DATA EXCERPTS →
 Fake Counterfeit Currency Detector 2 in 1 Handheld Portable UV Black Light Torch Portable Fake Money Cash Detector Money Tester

---

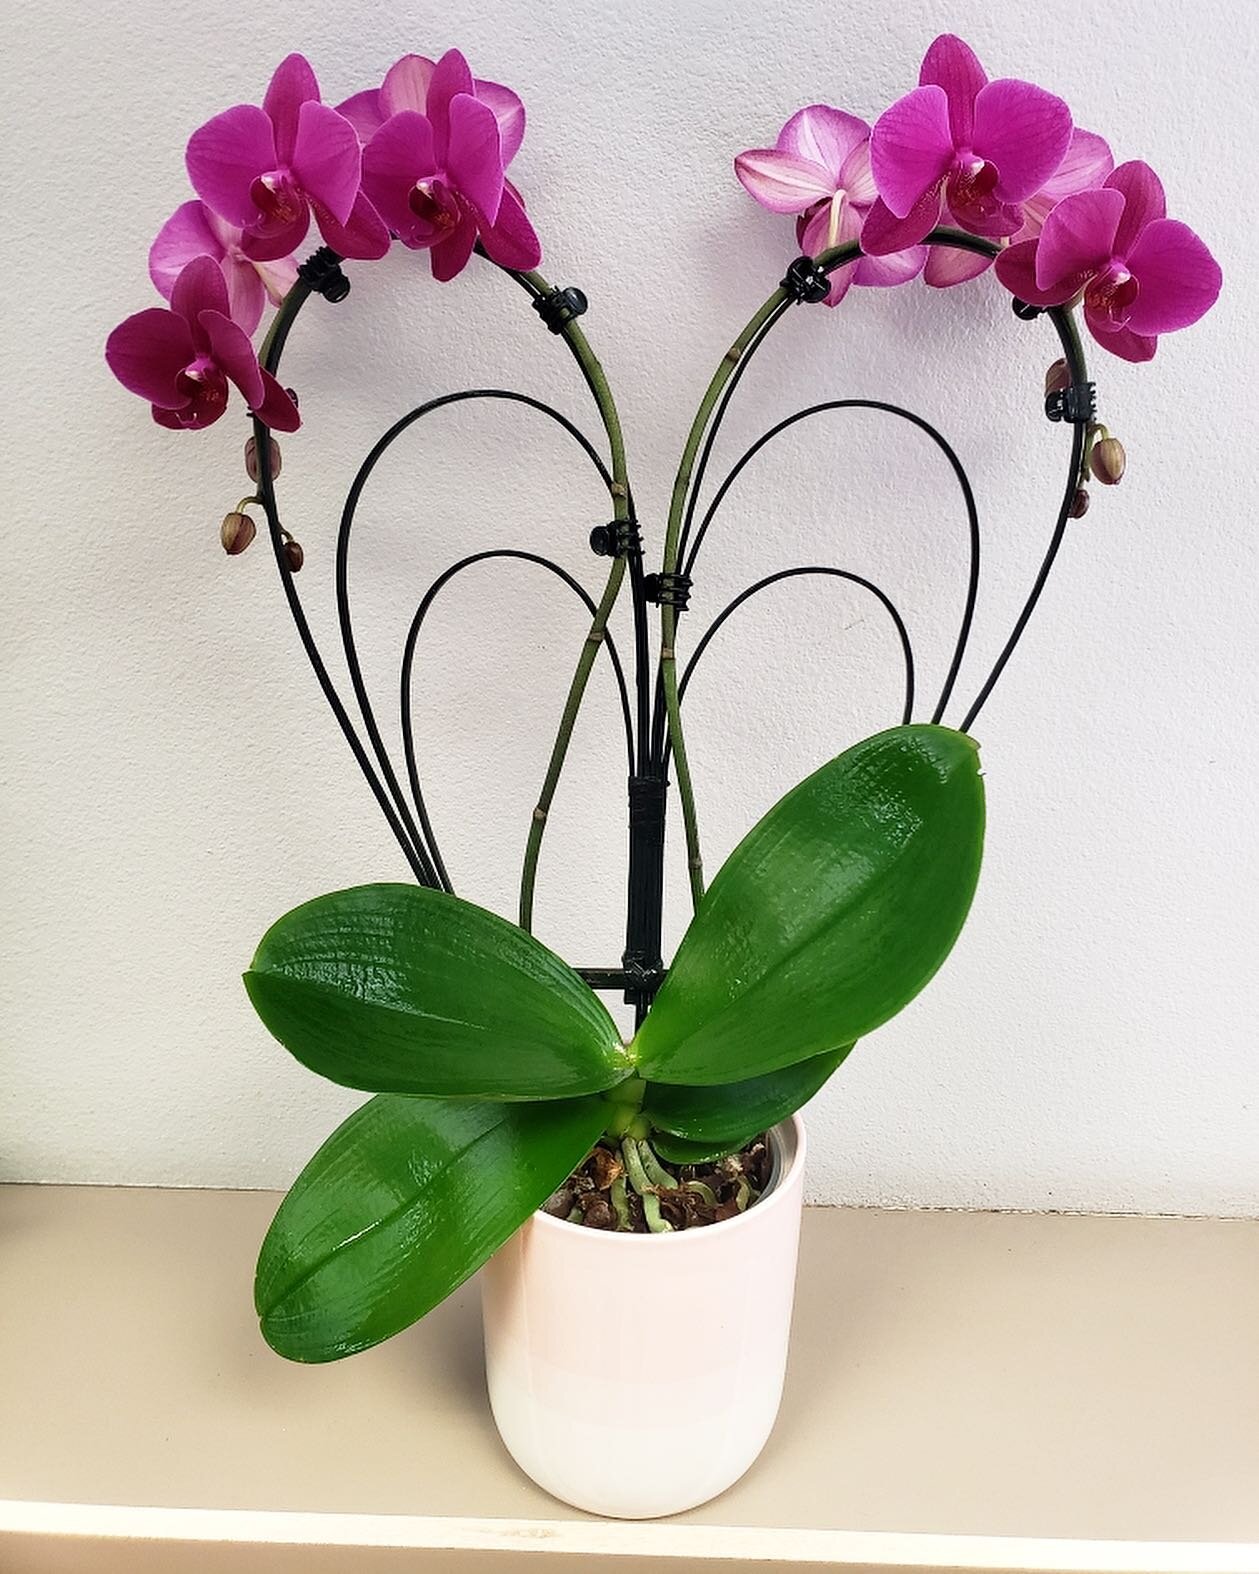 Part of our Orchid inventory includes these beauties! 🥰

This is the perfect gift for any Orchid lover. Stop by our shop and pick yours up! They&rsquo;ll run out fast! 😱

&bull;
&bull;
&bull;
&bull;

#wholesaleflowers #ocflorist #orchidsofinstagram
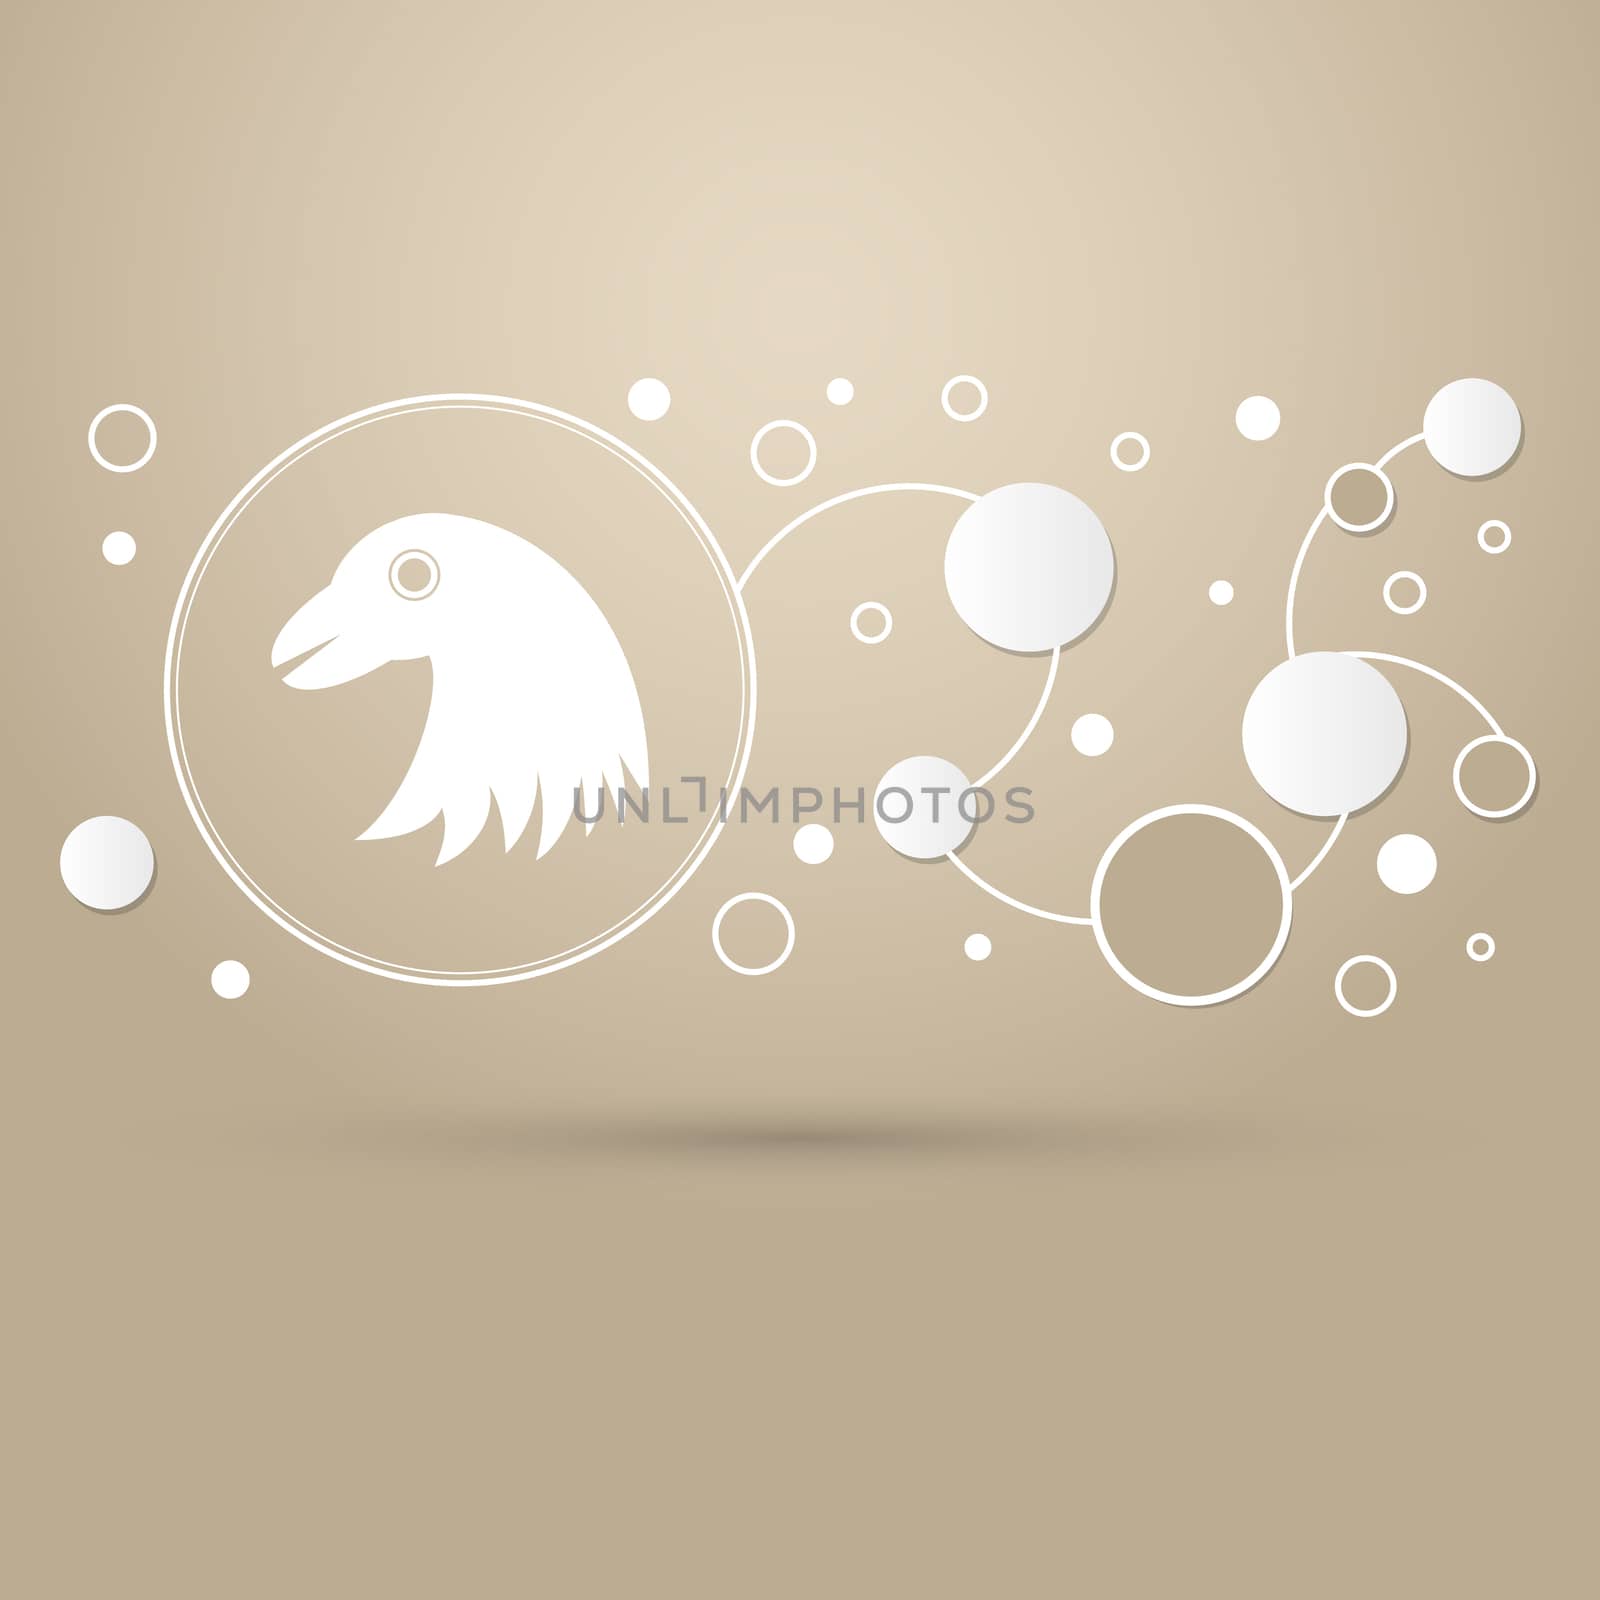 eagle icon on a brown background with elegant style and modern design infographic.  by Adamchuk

TASK DESCRIPTION →
Print, exactly, each line above from the one with "#wholesaleflowers #ocflorist #orchidsofinstagram" to the one with "eagle icon on", end lines included. Leave pictures out of it.

ANSWER BOX →
#wholesaleflowers #ocflorist #orchidsofinstagram
 eagle icon on a brown background with elegant style and modern design infographic.  by Adamchuk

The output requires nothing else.